CLINTON TOWNSHIP, Mich. — The remains of a 14-year-old London girl whose dying wish was to be cryogenically preserved with the hope of someday being brought back to life are being kept at the Michigan-based Cryonics Institute.

“It was her wish to be cryopreserved, and her wish was granted,” Andy Zawacki, facility manager at the Cryonics Institute in the Detroit suburb of Clinton Township, said Monday. It is one of three full-service cryonics facilities in the world. The others are in Arizona and Russia.

The unidentified girl’s remains were brought to the facility last month after a British High Court judge granted her wish. She died in mid-October after telling the court she hoped she could be woken after a cure for her cancer is found, even if that’s “in hundreds of years’ time.”

The matter ultimately was resolved in the Family Division of the court because the girl was a minor whose divorced parents did not agree on what should be done.
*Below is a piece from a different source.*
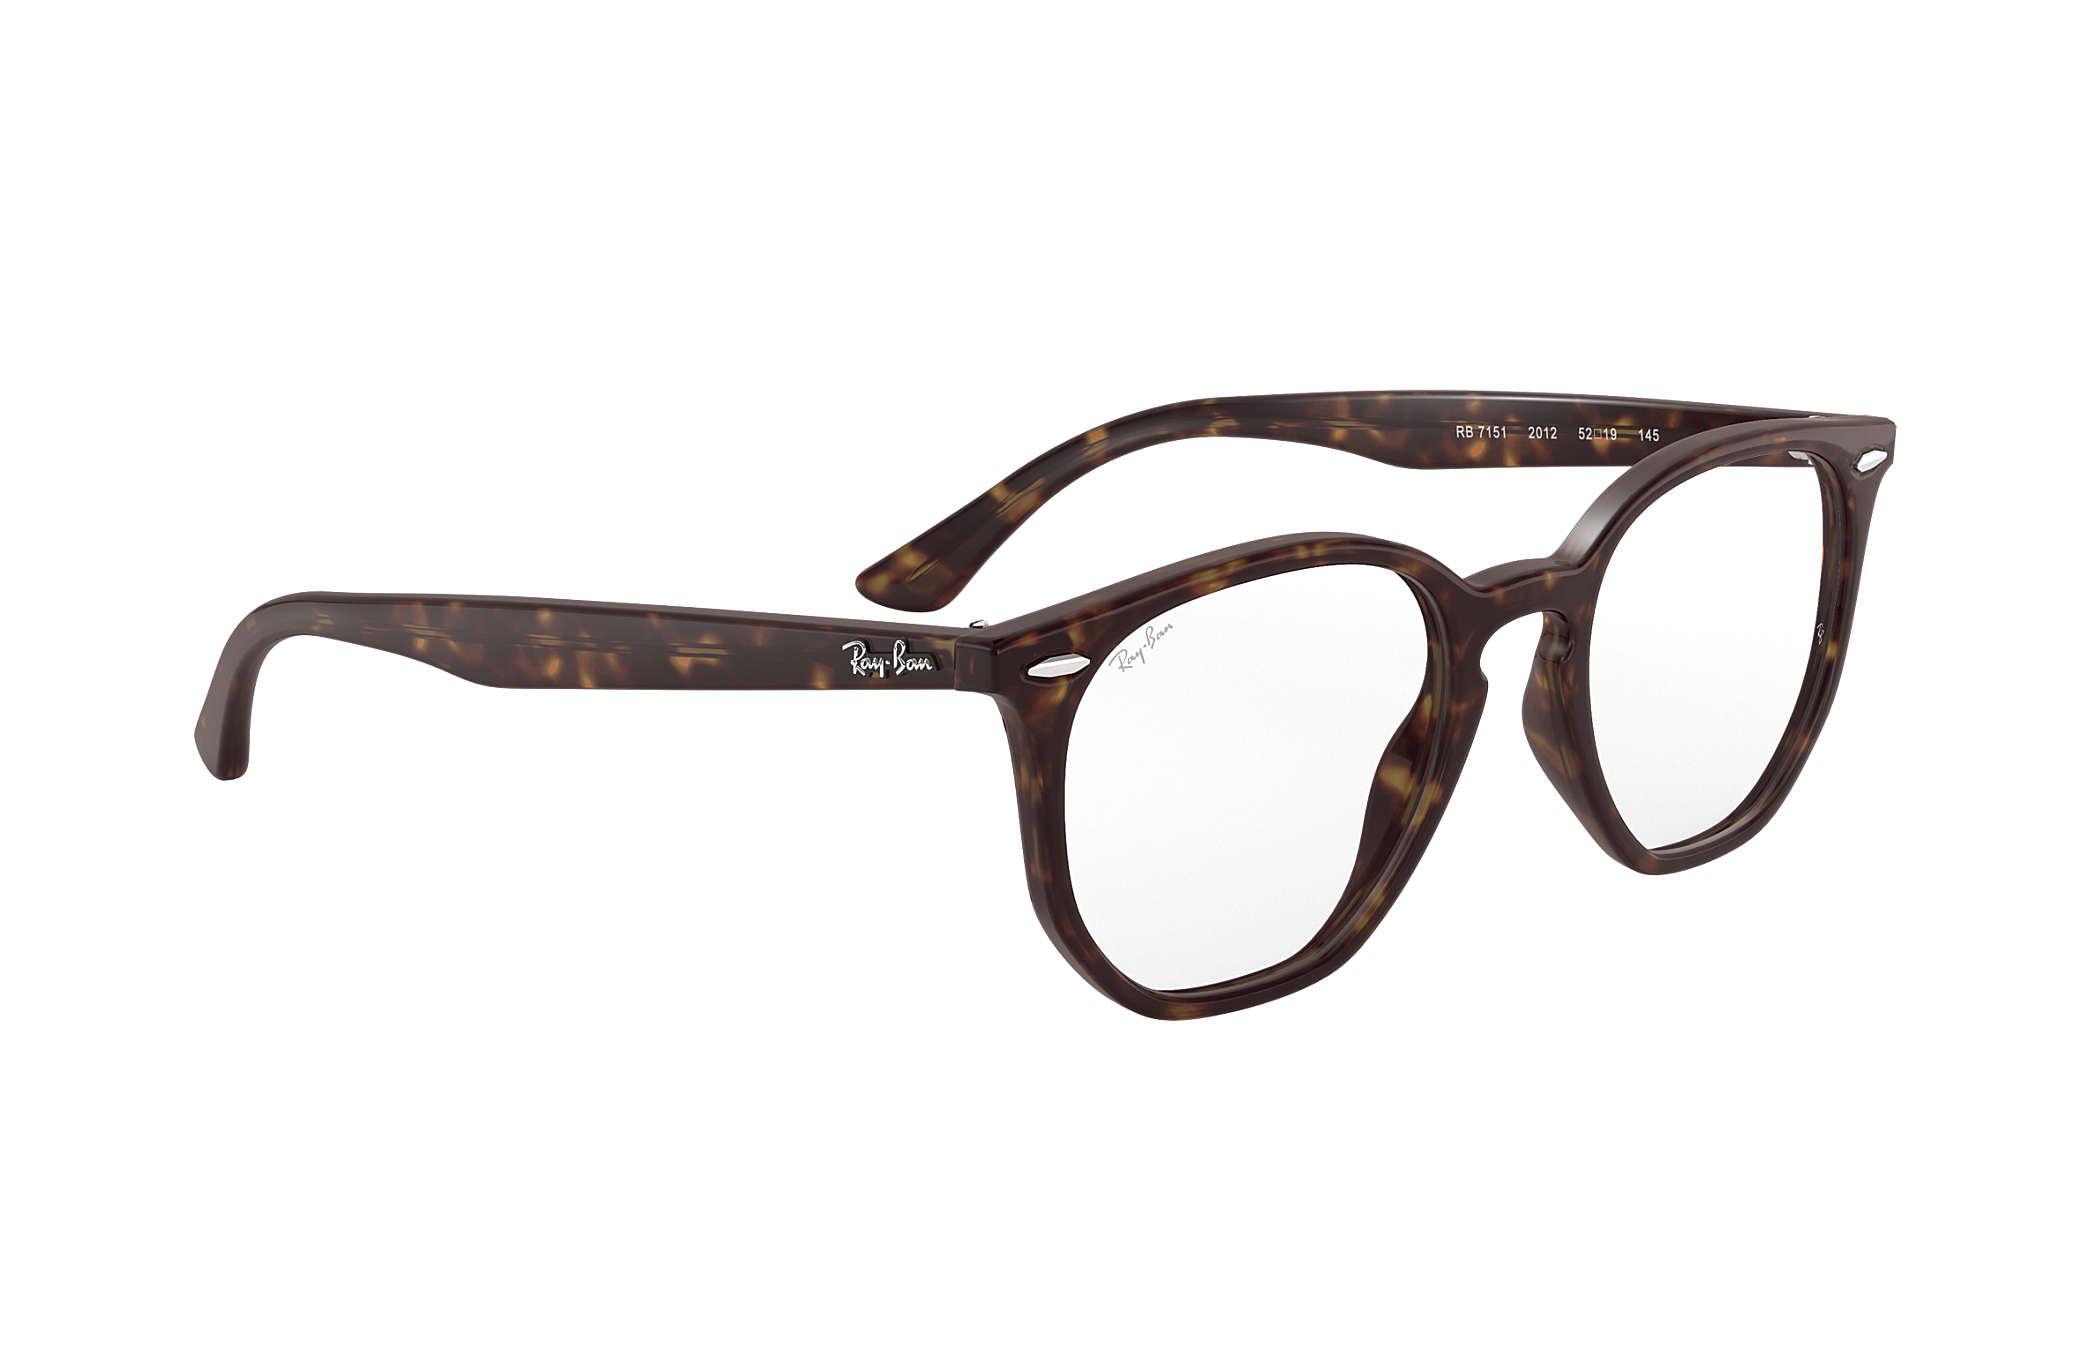 occhiali da vista ray ban 7151 prezzo
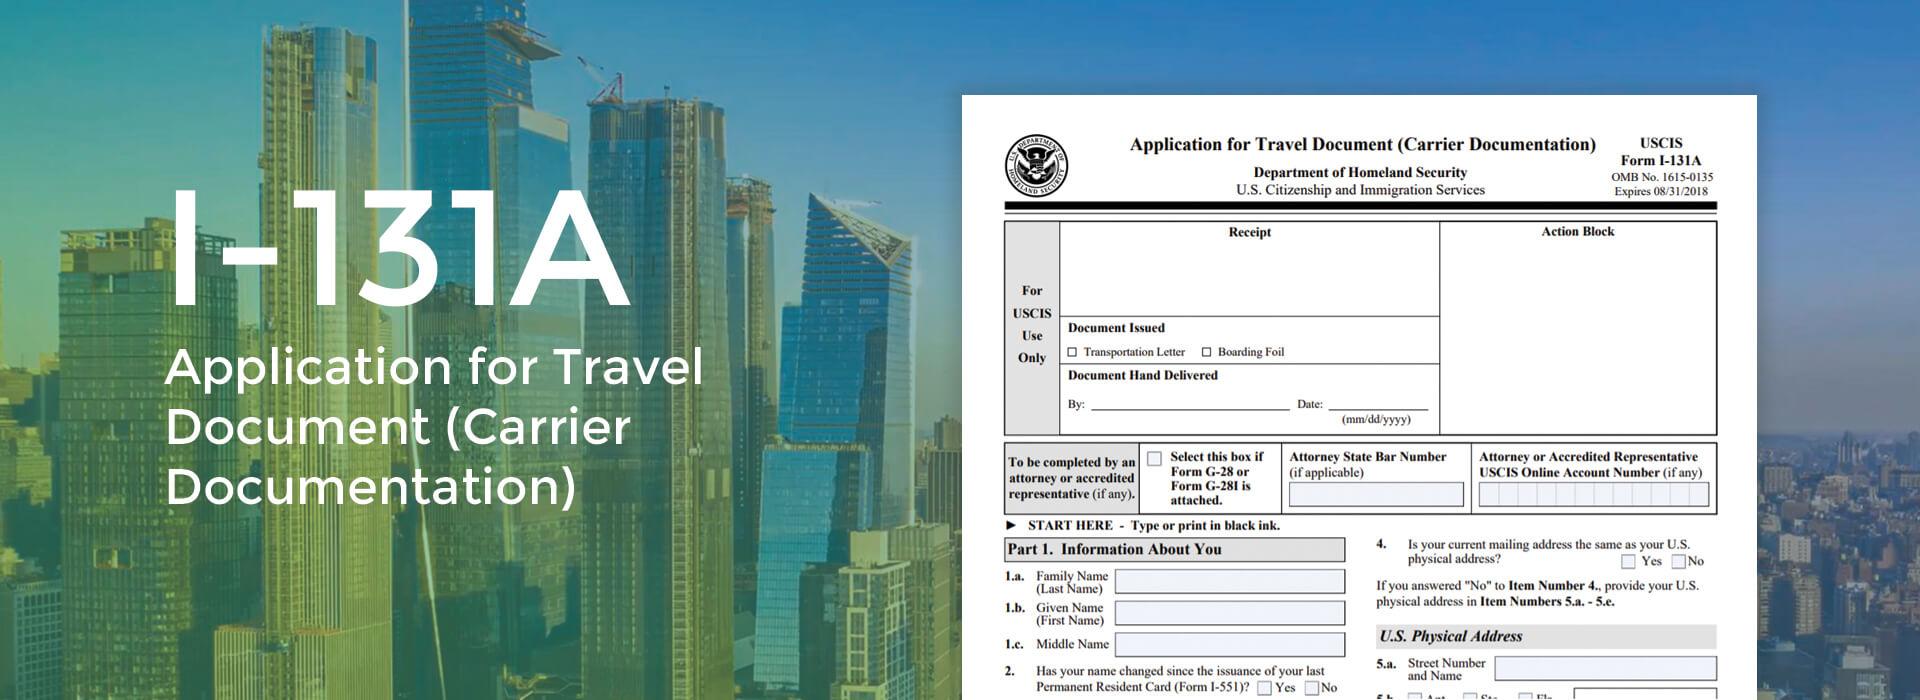 Online Form I-131A

The girl’s father, who initially opposed the procedure, eventually softened his stance as his daughter’s death neared and after she expressed her wishes in a heartfelt letter.

“The idea of freezing whole bodies and bringing them back to life has basically zero scientific support at this point,” said Hank Greely, a professor and director of the Stanford University Center for Law and the Biosciences.

Cryonics Institute was incorporated in 1976 and preserved its first patient in 1977. It now has 145 human patients and 125 pet patients. It has more than 600 “contracted members” who “signed up to be frozen upon death.”

“The ultimate goal is to revive our patients,” Zawacki said. “We refer to them as ‘patients,’ because we don’t believe that they’re corpses. We haven’t given up on them.”

Of the pets housed there, 90 percent are cats and dogs, he said. Other animals include a parrot, an iguana and a hamster.

Cryonics Institute has two types of memberships. A lifetime membership requires a one-time payment of $1,250 and $28,000 to be frozen. An annual membership calls for a $120-a-year payment and $35,000 to be frozen.